Thirty seven-year-old P. Andal is not too happy with the auto fares fixed by the government.

A single mother, Andal earns about Rs. 700 a day and is the only source of income for her family, comprising her aged parents and her teenaged daughter.

“Fuel prices increase every now and then. Of the Rs. 700 I earn each day, at least Rs. 200 is used for petrol expenses. Competition from call taxis and traffic problems have made our lives difficult. I renew my milk card only every alternate month because living expenses have shot up badly,” she said. 

Andal said the minimum fare should have been fixed at Rs. 30, at least. “For a distance of 10 km, I will end up getting just Rs. 120, much of which will be spent on fuel. If I do not get a return trip, there will be hardly anything to take home,” she said.

Andal, who lives in Kotturpuram, began working after she was abandoned by her alcoholic husband. “Earlier, I would wake up at 3 a.m. and clean vans till 10 a.m., earning just about Rs. 50 a day. After my husband died, I thought of starting something independently,” she said.  

With help from relatives, Andal bought an auto. Today, she has paid off her debts, but life has not been easy, she said.

“I am worried about my daughter’s future. She can go to college if some well-wishers come forward to support her. She studies well.
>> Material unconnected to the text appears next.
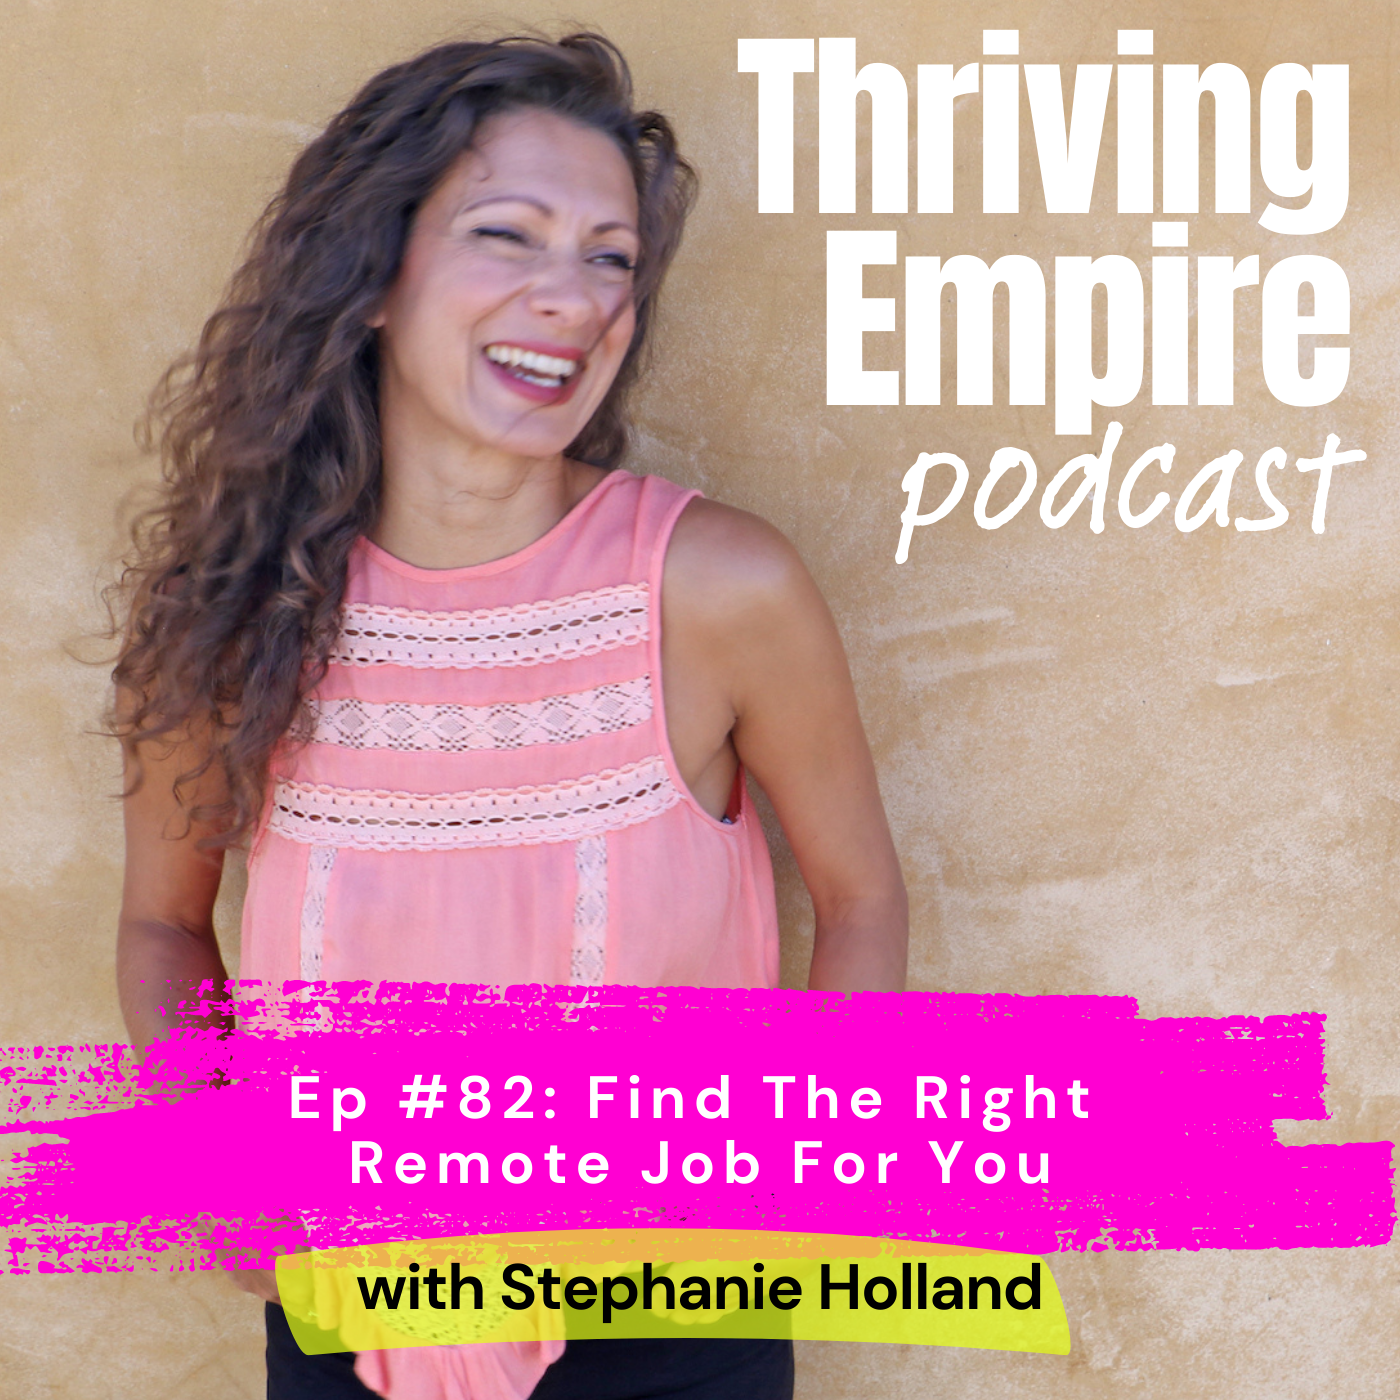 Ep #82: Find The Right Remote Job For You

I wanted to put her in a good school, but many institutions refused to admit her as they feared I wouldn’t be able to pay the fees on time. I can’t really blame them,” she said.
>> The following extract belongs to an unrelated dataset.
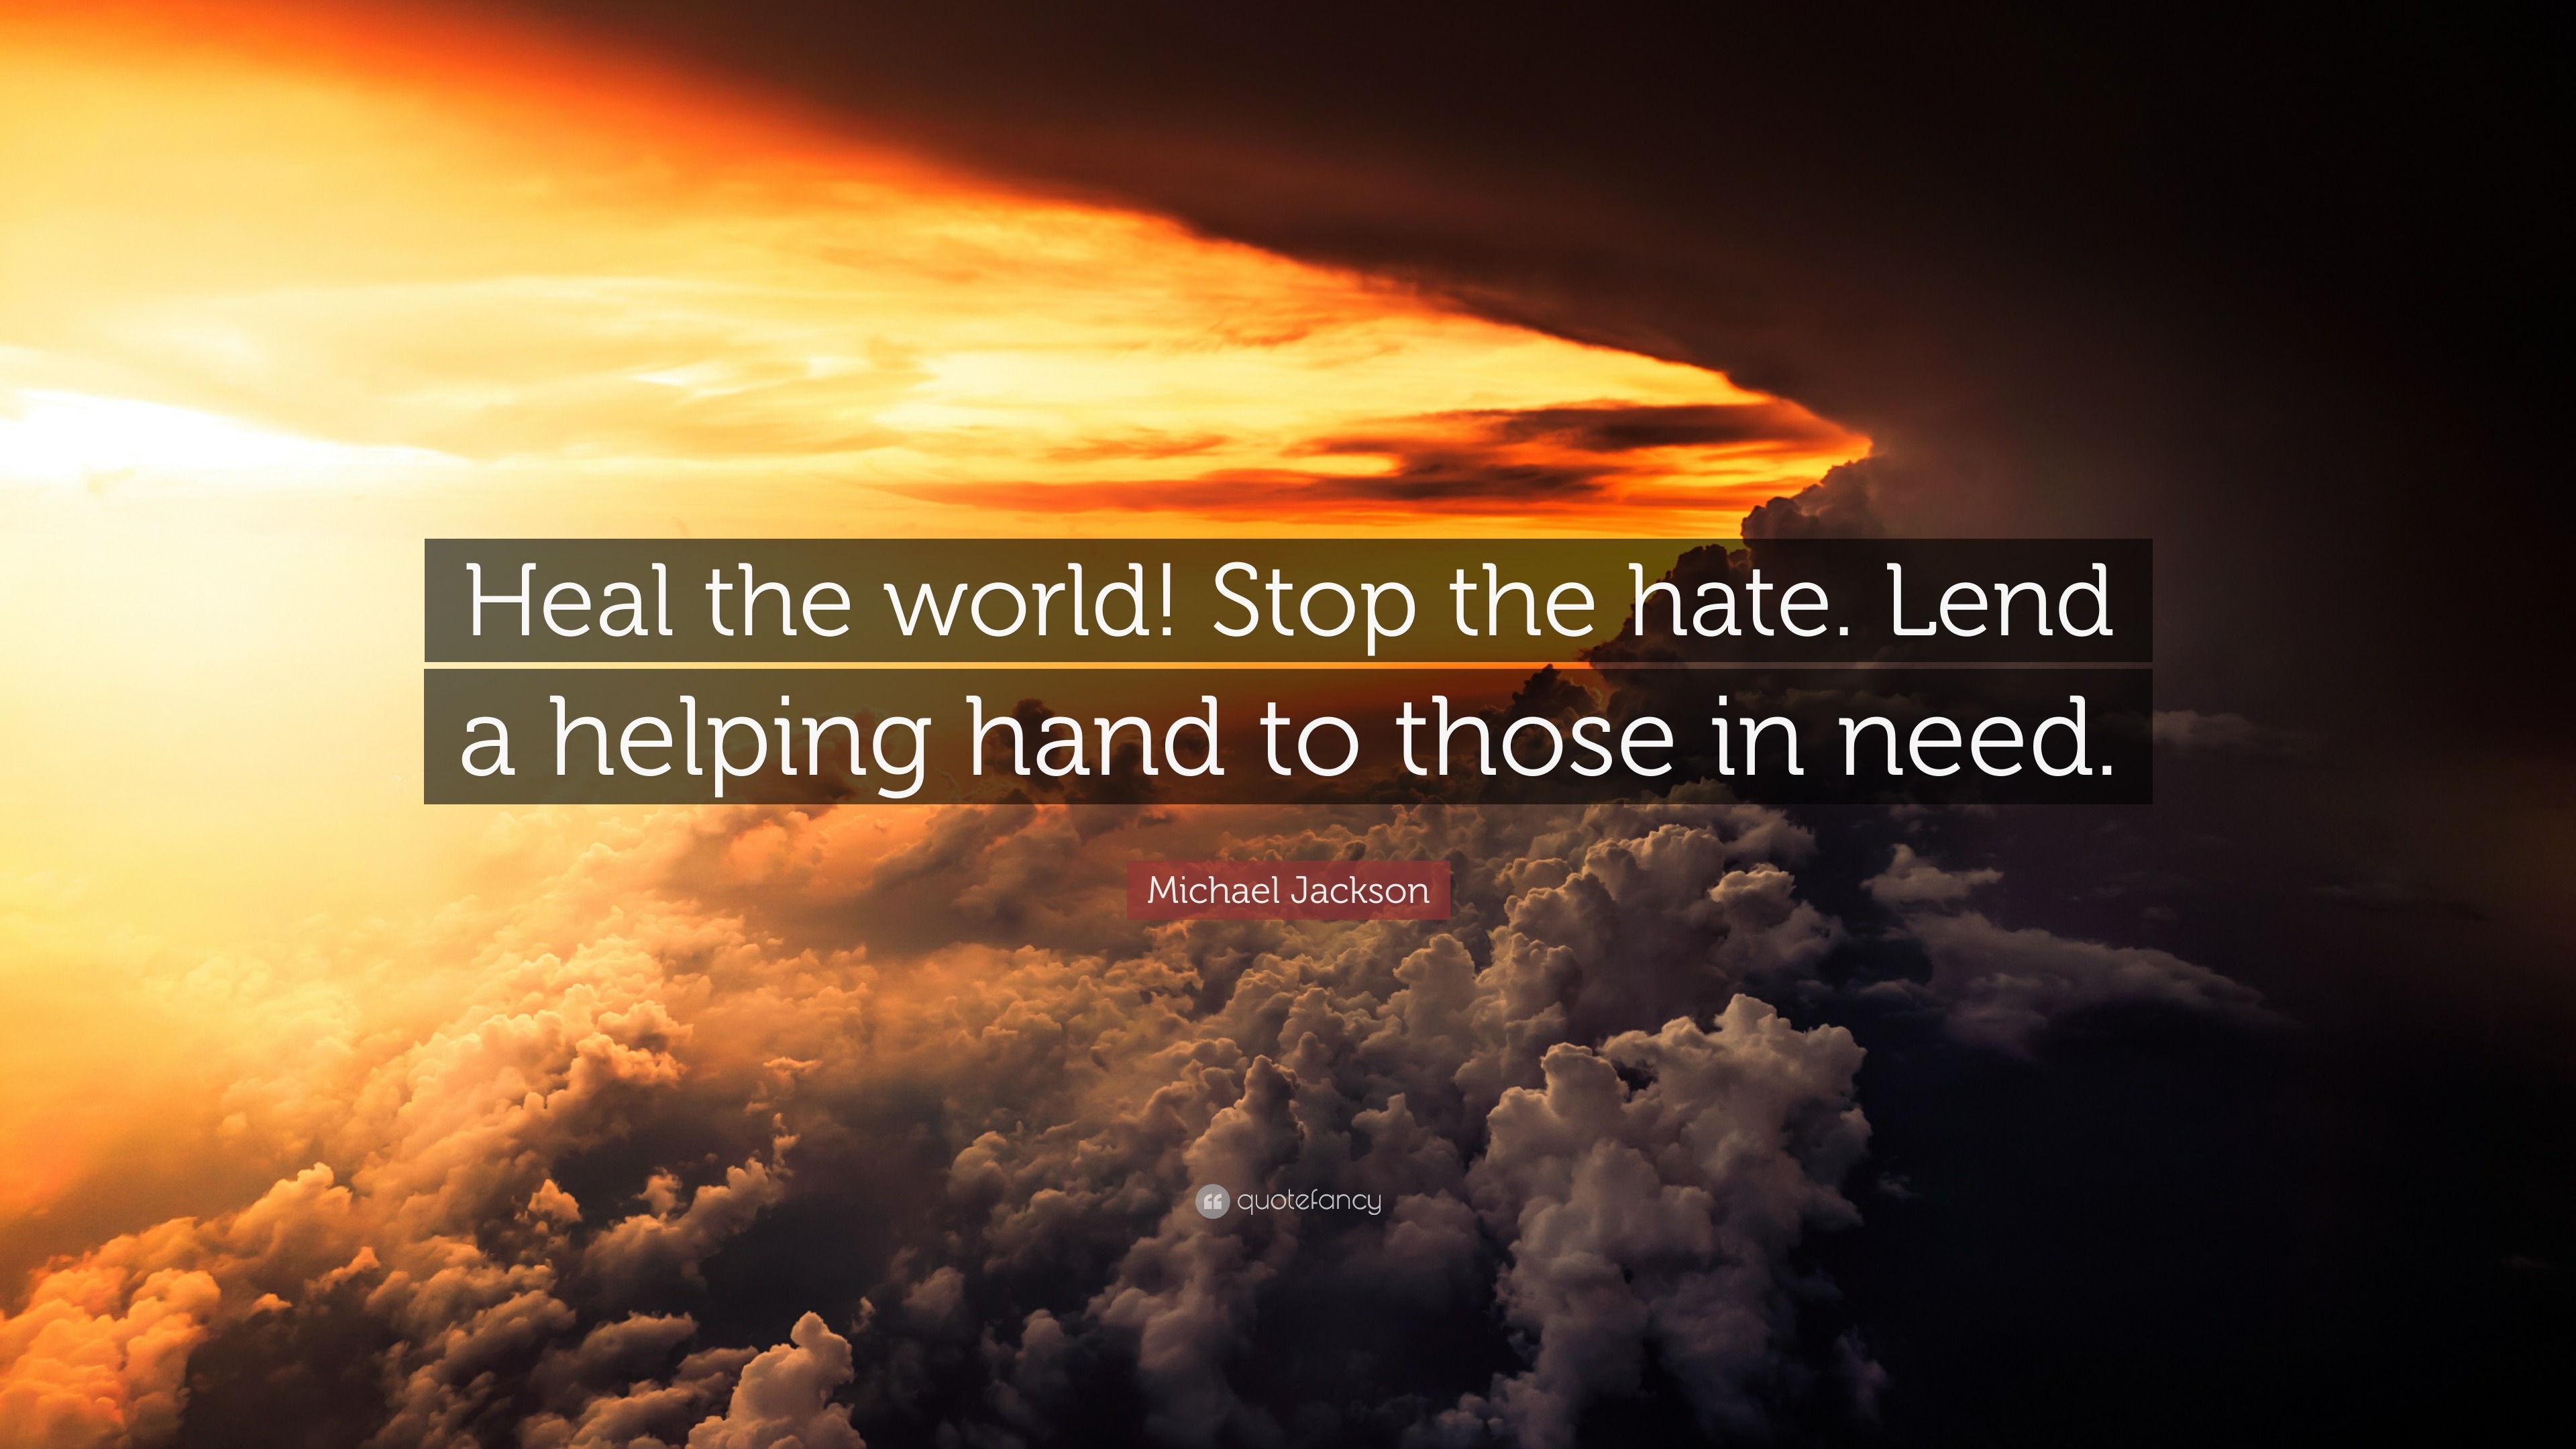 Michael Jackson Quote: “Heal the world! Stop the hate. Lend a helping ...

Andal does not drive around after 7 p.m. as she finds it unsafe. This too, affected her daily income, she said.

Andal wonders if something good will come out of the new tariff norms. “Fixed fares, even if they are low, may translate into more movement and more customers. People might be willing to trust us. I may not have to drive past bus stops hoping one of the waiting commuters will opt for an auto instead of a bus,” she said.

On Tuesday, Andal was part of an awareness sessions conducted by the traffic police. The drivers were also given lessons in etiquette. “It is not surprising that commuters think of us as rude people. Everybody thinks we are a nuisance, and that we have built palaces from overcharging them,” she said.